Although swim-up efficiently removes sperm with fragmented DNA, approximately 10% of the sperm cells still had fragmented DNA. For intracytoplasmic sperm injection, the probability of selecting a sperm cell with fragmented DNA may be close to 10% even after swim-up. New technologies to select a single functionally competent sperm cell without genetic abnormalities need to be developed.

To the best of our knowledge, this is the first study evaluating SDF and sperm aneuploidy after the application of both methods at the same time on sperm samples from the same patient. This is also the first study to identify direct associations among normal form, the SDF level, and sex chromosome aneuploidy in raw semen. However, our study has some limitations. Because we analyzed semen samples from healthy male partners, the results of this study cannot be extrapolated to patients with severe male factor infertility.
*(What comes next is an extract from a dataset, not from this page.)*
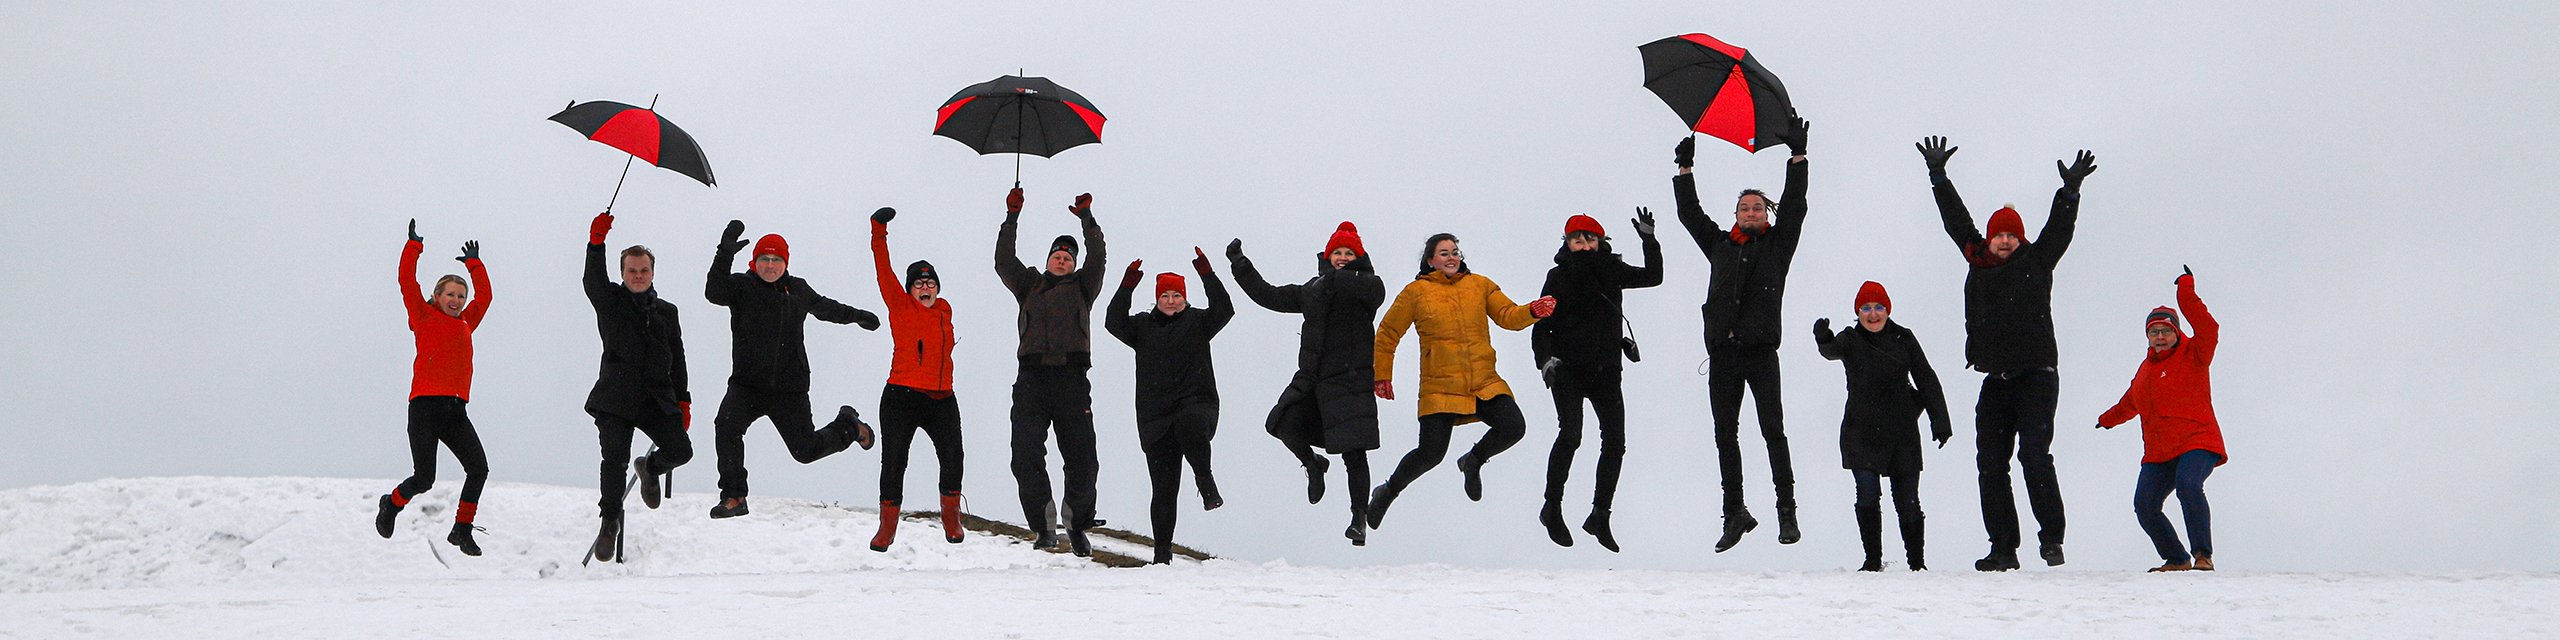 Etelä-Karjalan liiton henkilökuntaa hyppimässä rivissä Lappeenrannan Linnoituksen valleilla talvisessa maisemassa.
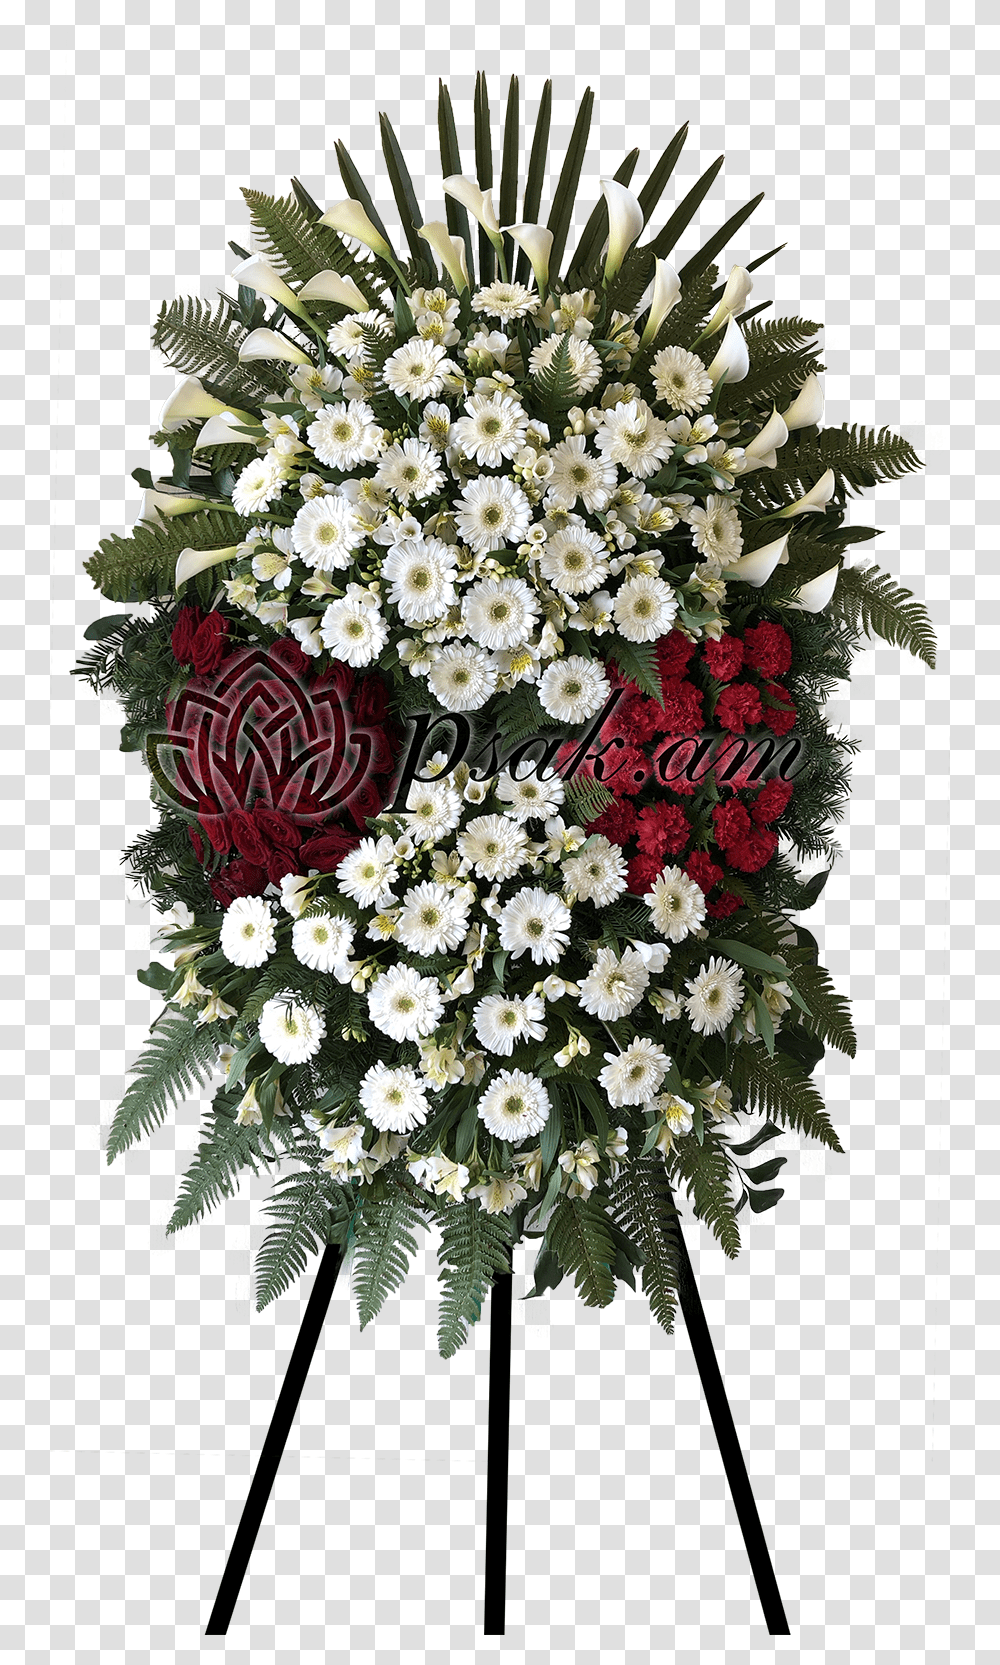 Funeral Wreath With Calla Lilies Caxkepsak, Plant, Flower Bouquet, Flower Arrangement, Blossom Transparent Png

In summary, processing sperm with swim-up is better than using DGC for enriching genetically competent sperm in infertile couples who do not have male factor infertility. Even if the percentage is decreased substantially, sperm cells with genetic abnormalities still remain after swim-up. It is expected that developing novel methods to conventional swim-up will enable the selection of functionally and genetically competent sperm cells one-by-one, just as in natural selection.